What’s Cooking: Raspberry Chicken

What's Cooking

Raspberry Chicken

   Recipe By: Chef Lisa A. Heidelberg   

Cook Time: 15-18 mins

Serves: 4 servings

Ingredients

  • 4 boneless chicken breast approximately 5 oz each  
  • 1-3 tablespoon Buona Cucina Harissa Infused Oil
  • ½ cup chopped red onion or shallots
  • 1½ tsp Buona Cucina Za’atar seasoning 
  • 1 teaspoon kosher salt and fresh ground pepper
  • 4 (4-ounce) skinned, boned chicken breast halves or cutlets
  • 1/3 cup seedless raspberry preserves
  • 3 tablespoons Balsamic Vinegar
  • 1/4 teaspoon red pepper flakes (optional for a bigger punch of heat)

Instructions:

  • Combine  za’atar, and 1/2 teaspoon salt, 1/2 teaspoon pepper. 
  • Pound the chicken between 2 pieces of wax paper to even out the size, if necessary.

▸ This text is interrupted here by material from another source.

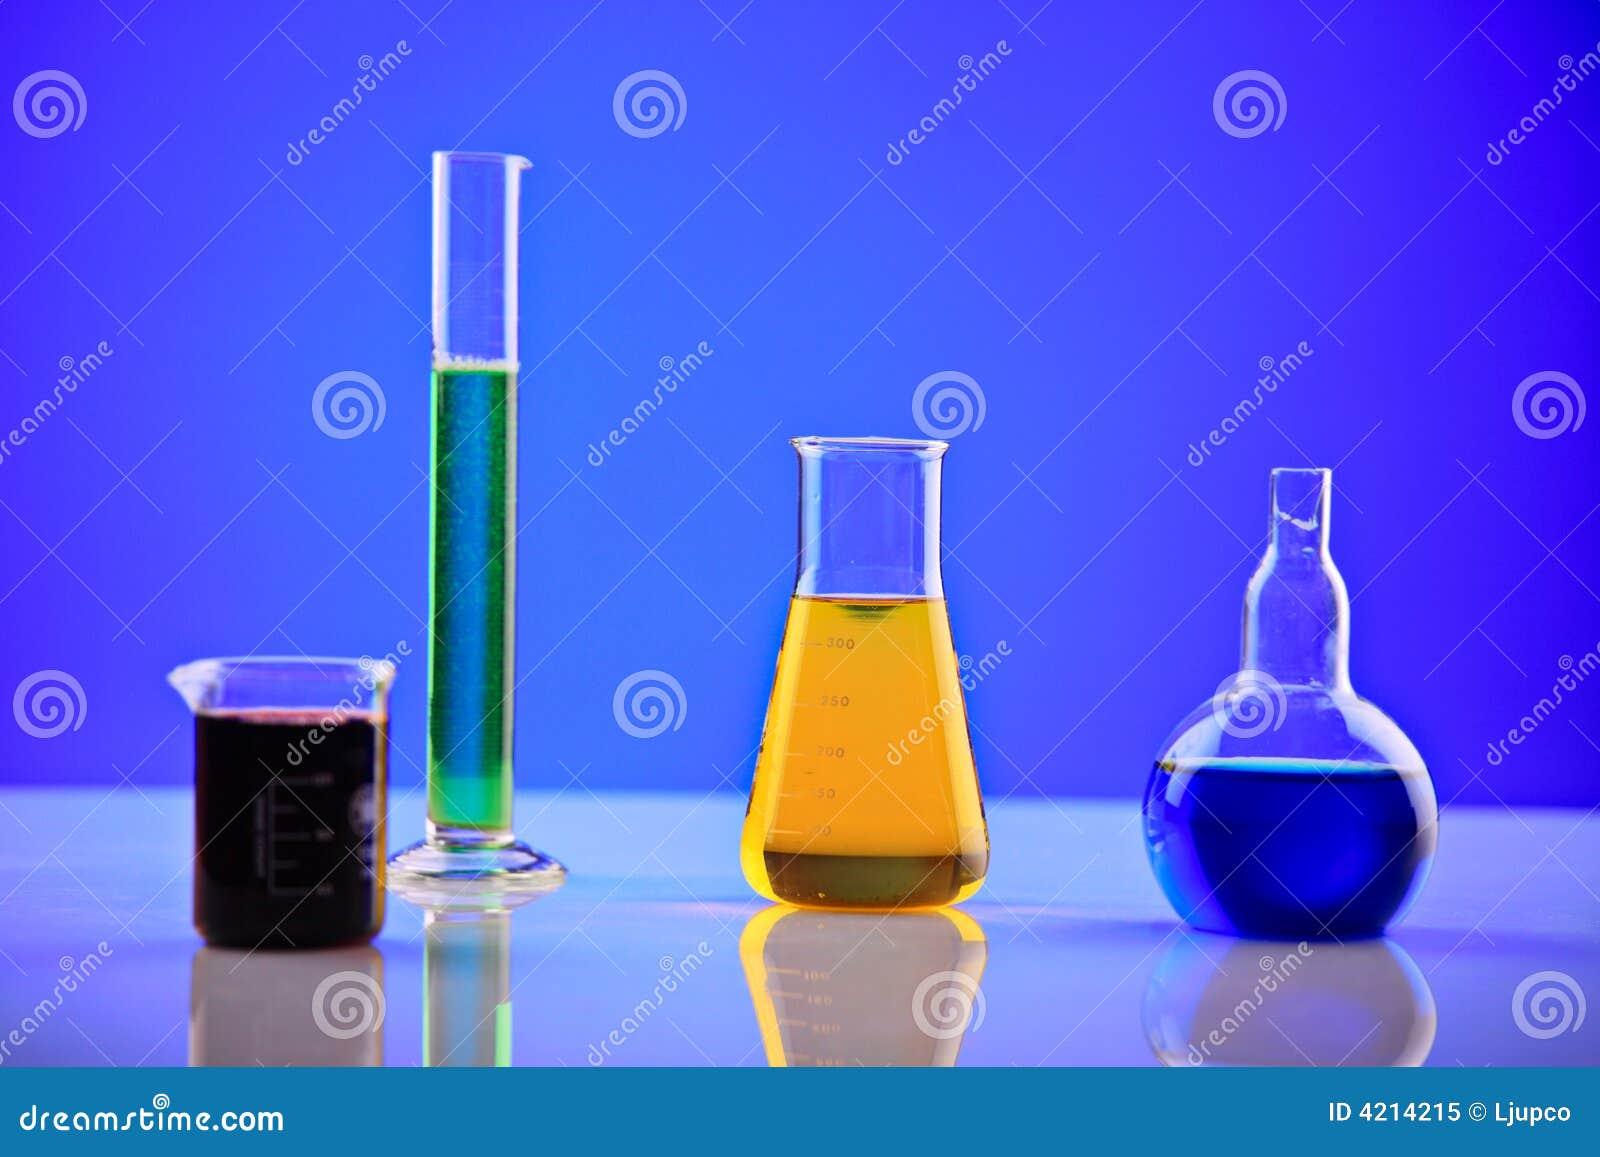 εργαστήριο χημικών ουσιών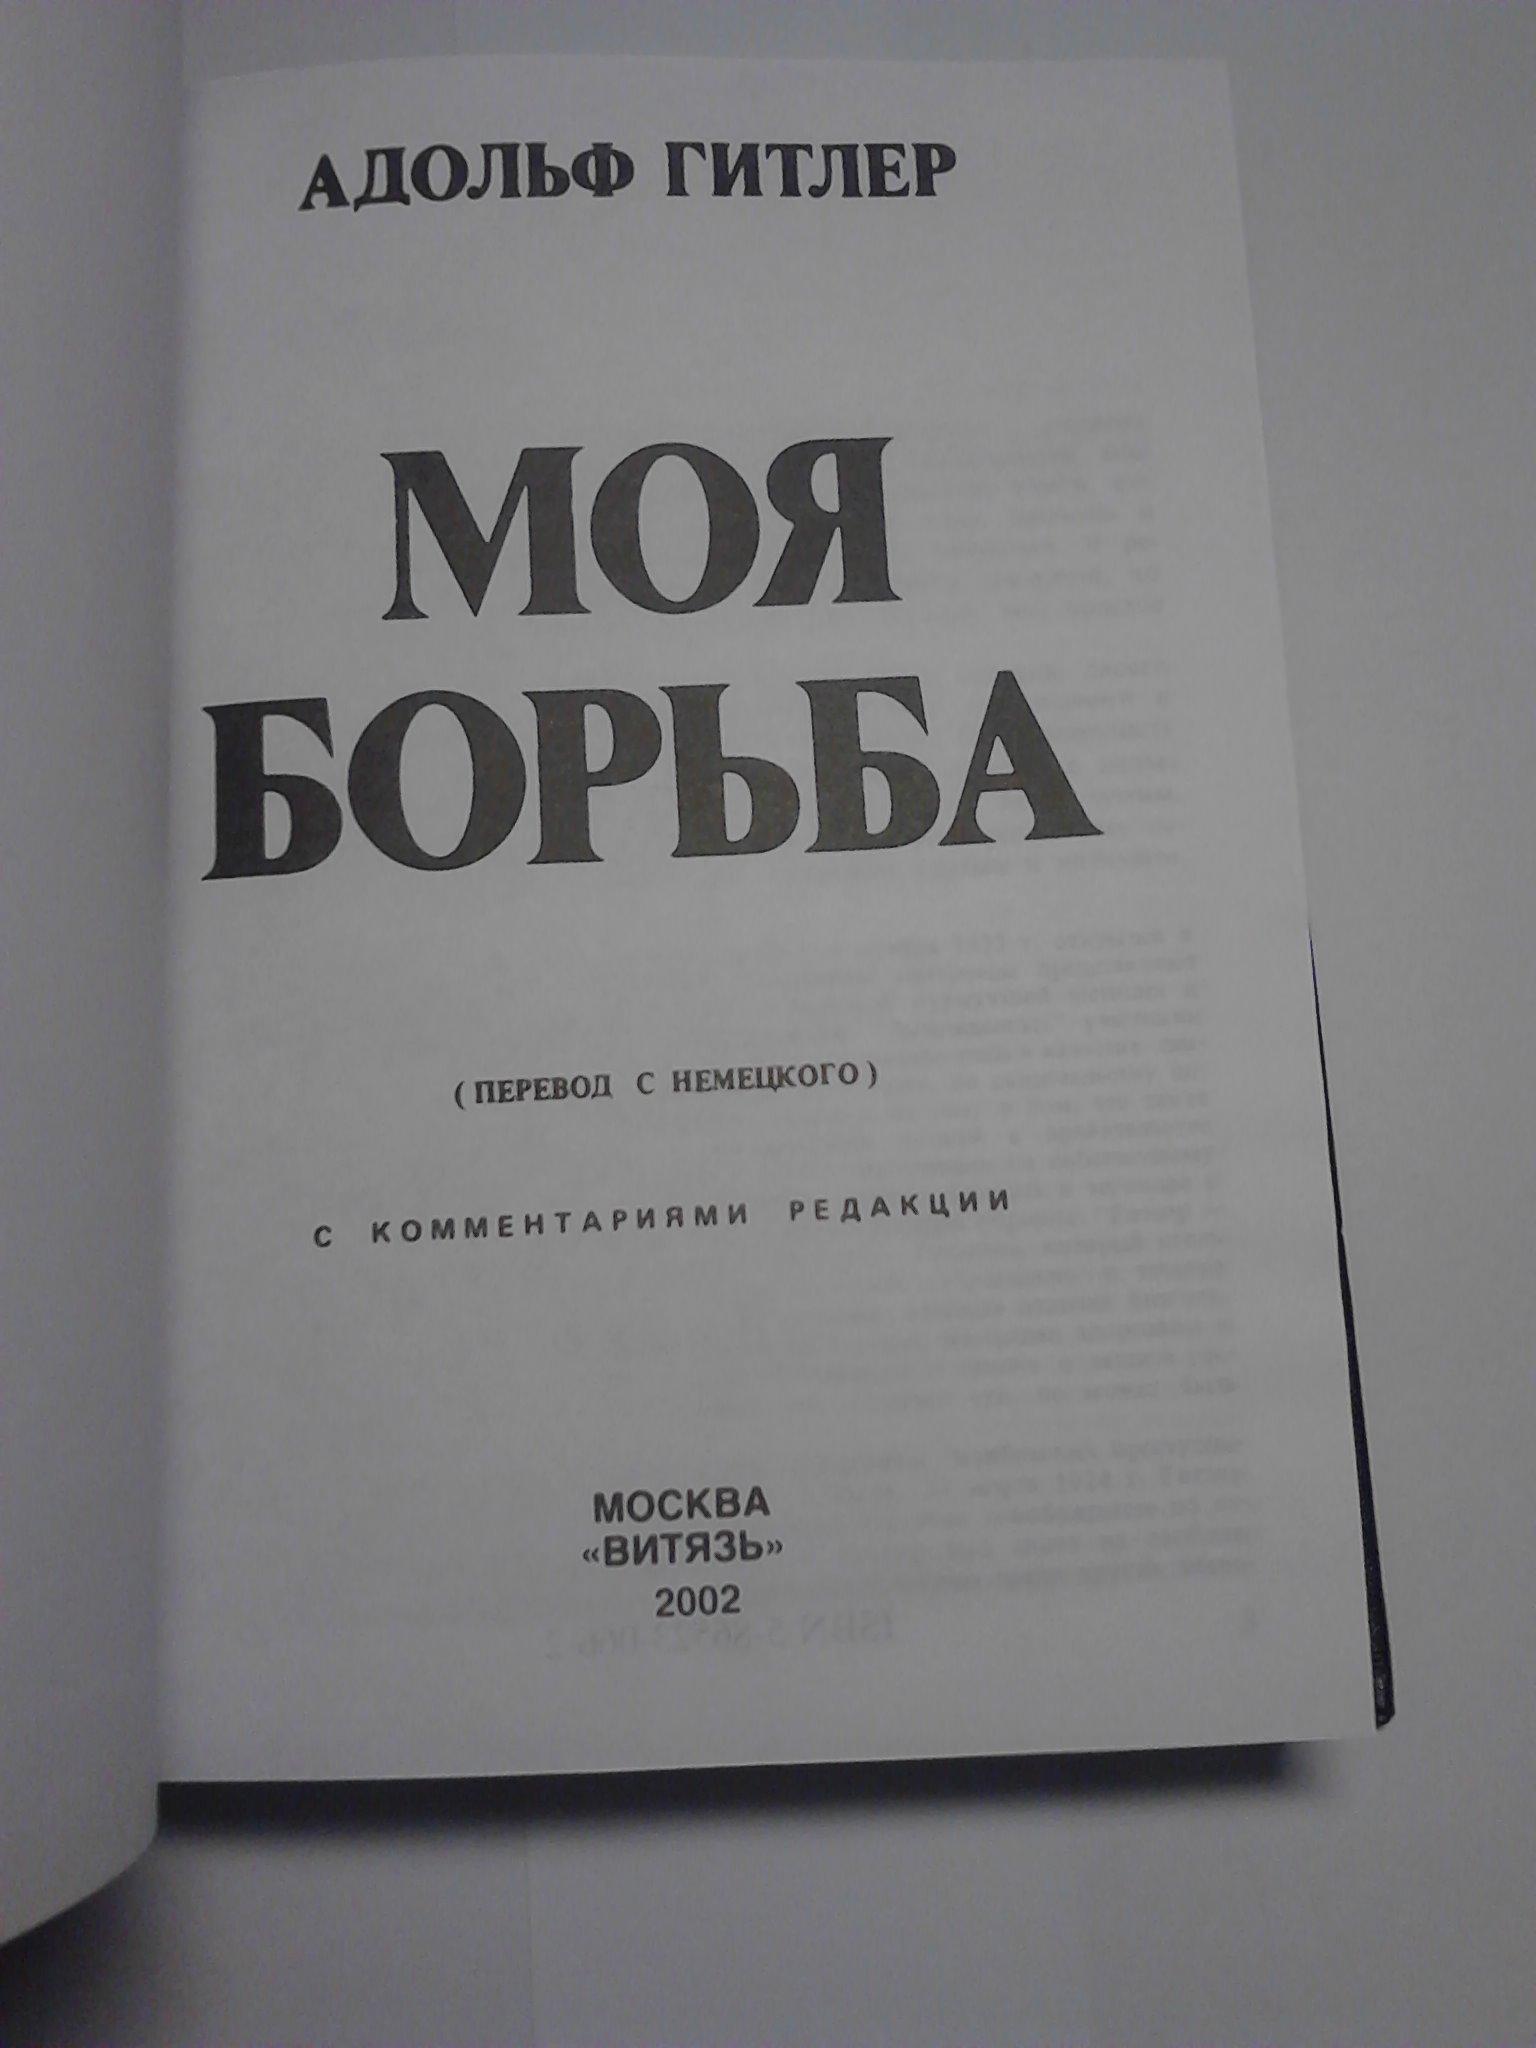 Скачать торрент книгу майн кампф

Sprinkle the seasoning over chicken and set aside.
  • Chop onions or shallots and set aside. 
  • Heat oil in a large nonstick skillet over medium-high heat until hot.
  • Add chicken to skillet; sauté 4-5 minutes on each side until done. Do not overcook. Remove chicken from skillet; keep warm.
  • Reduce heat to medium, add onions and sauté 6-8 minutes until soft, picking up the bits from the pan.
  • Add the vinegar, preserves, remaining salt, and pepper, stirring constantly until the preserves melt and has slightly thickened, 5 minutes. Stir periodically so it does not burn. 
  • Return chicken to pan, turning to coat.
  • Cook 5 min longer spooning raspberry sauce over chicken until the sauce thickens and coats the chicken.
  • Adjust seasoning if necessary. Remove chicken to platter and spoon the glaze over the chicken. Enjoy!